The terms used in this specification are intended only for the purpose of describing specific embodiments, but not for limiting the present invention. The term in which the number is omitted before the noun is not intended to limit the quantity, but rather to indicate the existence of one or more of the mentioned noun items. The terms “comprising”, “having”, and “including” are interpreted as open terms (ie, the meaning of “comprising”).
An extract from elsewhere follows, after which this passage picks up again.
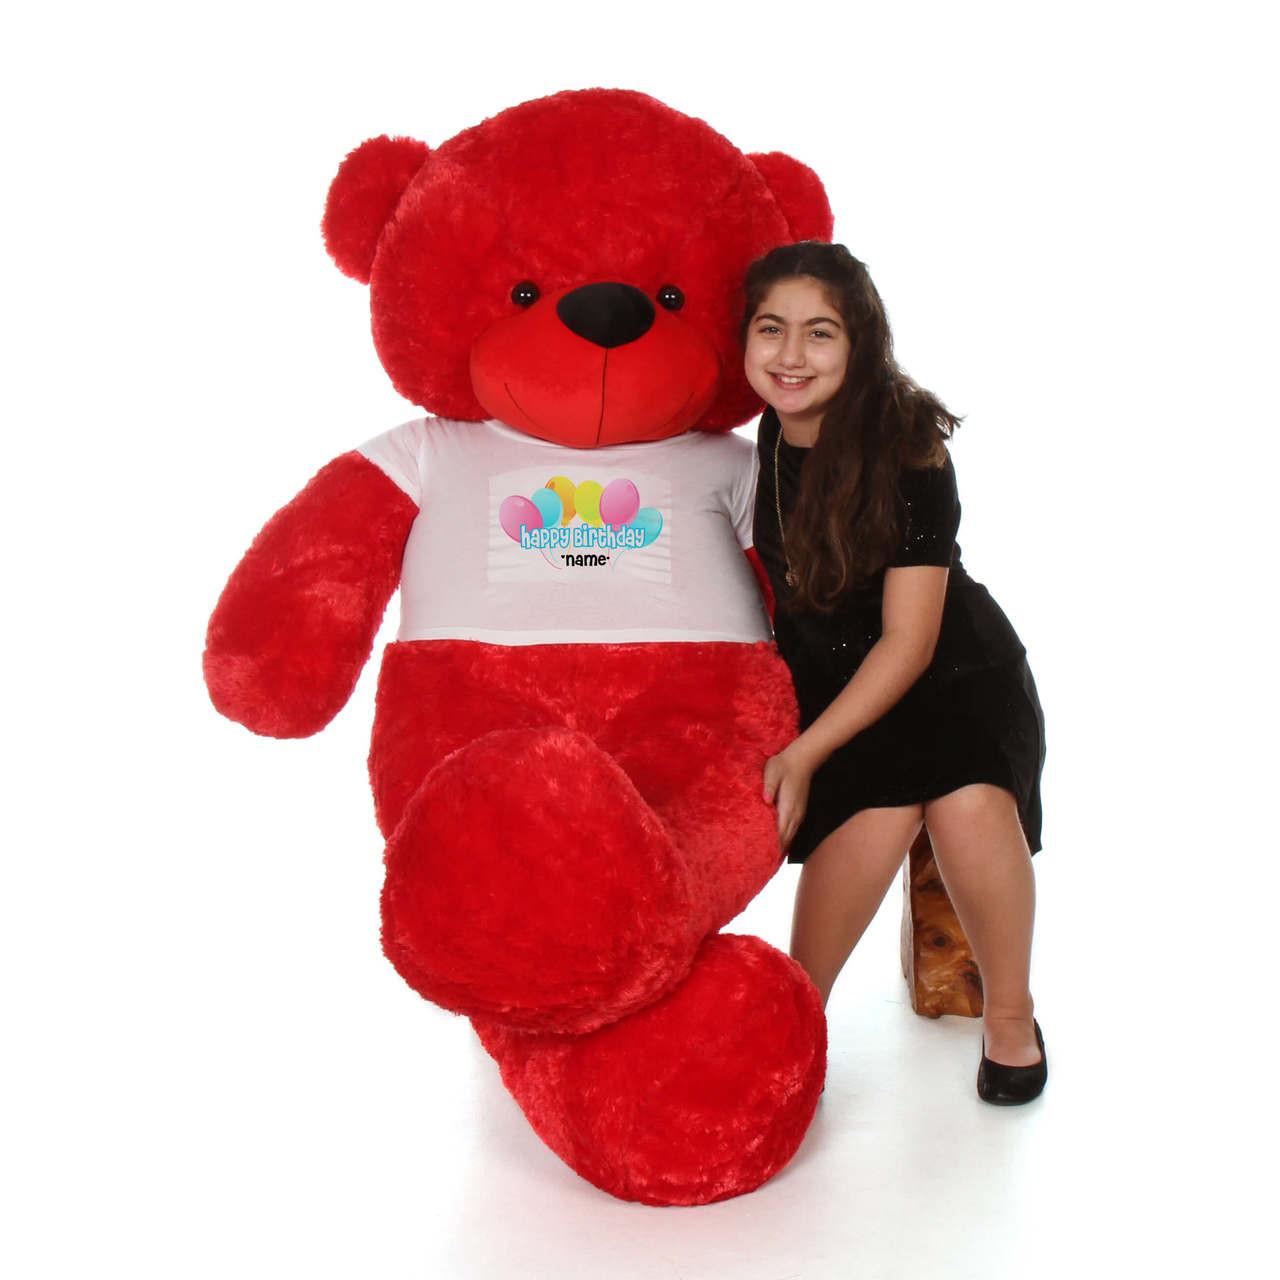 6 Foot Red Bitsy Cuddles Happy Birthday Personalized Teddy Bear - Balloon Design

Remarks to a range of values are merely in lieu of referring individually to each separate value falling within that range, and unless otherwise stated, each numerical value is used herein as if it were individually recited in the specification. Apply. Limit values of all ranges are included within that range and can be combined independently.

All methods mentioned herein can be performed in any suitable order unless otherwise specified or clearly contradicted by context. The use of any one and all embodiments or illustrative language (eg, "such as") is only intended to facilitate the description of the present invention, unless included in the claims, but the scope of the present invention. I am not trying to limit it. No language in the specification should be construed as essential to the practice of the present invention for any unclaimed element. Unless otherwise defined, technical and scientific terms used herein have the same meaning as commonly understood by a person of ordinary skill in the art to which the present invention belongs.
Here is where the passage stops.